Busing madness in Louisville some seem to want to ignore
But, even the superintendent indicates the student assignment plan has major issues
It’s crazy. Earlier this week on June 9, 2020, BIPPS released my short Policy Note update to our 2016 report on Blacks Continue Falling Through Gaps in Louisville’s Schools, The 2016 Update. The 2020 Policy Note was issued mostly to update some of the testing and graduation rate data in the earlier report, which now has 4-years old data, to see if the picture had changed. It had not.
In any event, almost instantly, I got negative comments on Twitter from folks saying I had no idea what I was talking about. Comments first appeared just hours after the report was released, making it hard to believe the critics had spent much time with the Policy Note and the referenced, larger 2016 report to really consider everything I was saying.
Anyway, on June 12, 2020 the Jefferson County Public Schools (JCPS) issued this very forth-right YouTube from Superintendent Marty Pollio that explains exactly how crazy busing can get for students in West Louisville, which has a heavily black population.
Here is the map Dr. Pollio used in his YouTube with school labels added. Let’s talk about this.
Pollio says that even though a student lives right next to The Academy @ Shawnee High School, under the current busing plan, when that student goes to middle school, he or she gets hauled all the way over to the Kammerer Middle School instead of a middle school much closer to home.
Things change when the student goes to high school. The student gets hauled far away again for high school, and even in a different direction, to attend Doss High School – this in spite of the fact that the student lives on the doorstep of Shawnee High.
All of this distancing makes it harder for the student’s parents to be involved in the schools, of course, especially when you consider the area around Shawnee isn’t high income.
And, while not mentioned in the YouTube, we are most likely talking about a black student.
Anyway, the video is an amazingly simple and clear example that compliments the concerns in my report that busing in JCPS is problematic, and even the superintendent of JCPS knows and honestly admits this.
There is more. Dr.
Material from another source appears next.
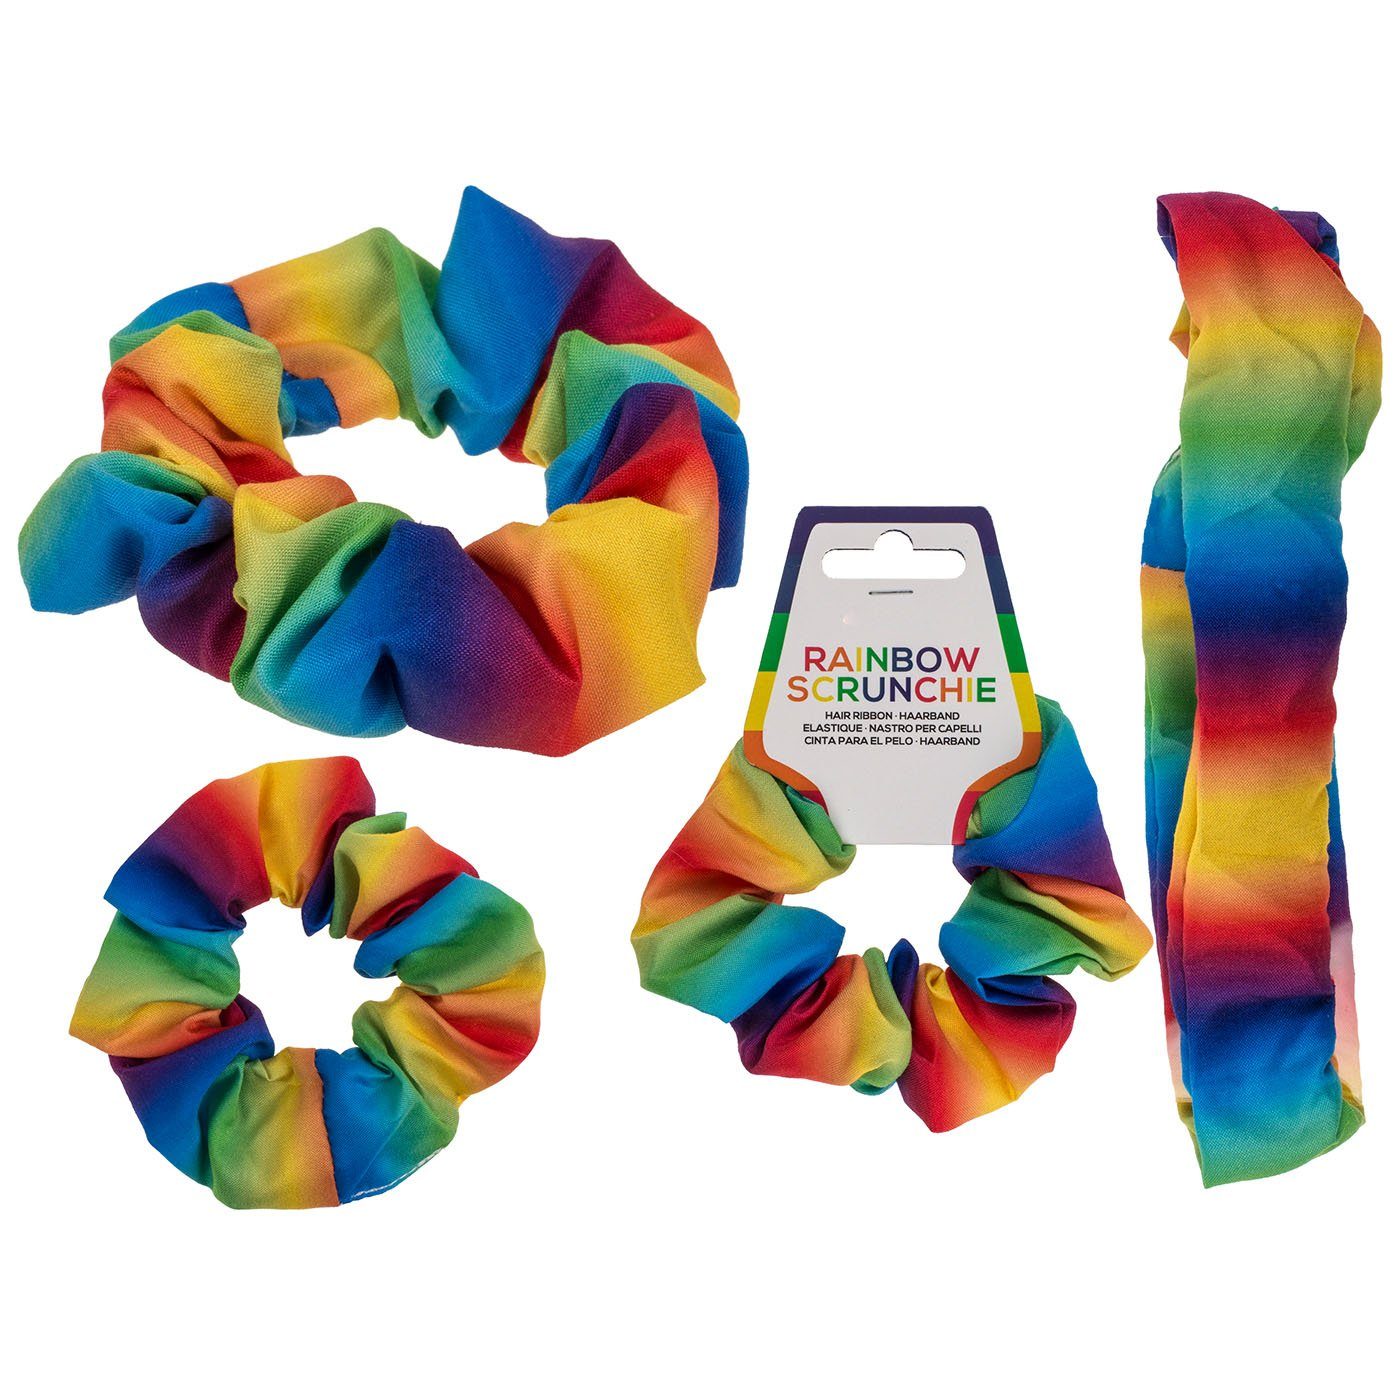 Haarband Scrunchie ReWu Pride Textil-Haarband Regenbogen

Pollio didn’t discuss the academic performances in the schools he mentioned, so I’ll add that.
As of the latest 2019 KPREP results,
Black students in Kammerer Middle School only scored 11.7% proficient in math.
Black students in Doss High did even worse, scoring only 4.2% proficient in math!
Even black students in Shawnee score slightly better than that at 8.7% proficient.
Maybe, if all the students involved were not caught up in this massive busing madness and all only had to go short distances to school, grades for all just might be higher due to less fatigue and greater ability of their parents to be involved with their school.
By the way, I also checked results for the closest middle school to Shawnee High. It is the Western Middle School. Black students there scored 30.4% proficient in math. That is nearly three times better than what Kammerer produced in 2019. But, under the current JCPS busing plan, instead of going to Kammerer, West Louisville kids get hauled far away to much lower-performing Kammerer.
Does this make sense?
Anyway, for all those folks who jumped on my report earlier this week, listen to Dr. Pollio and then realize that busing has been extremely unfair to students from West Louisville, something Dr. Pollio has been saying for some time and which BIPPS has been pointing out for the better part of a decade.
Then, get on the bandwagon to make this better instead of wasting everyone’s time trying to discredit reports that overall point out important problems regarding achievement gaps in both academics and with obviously different standards used to grant high school diplomas.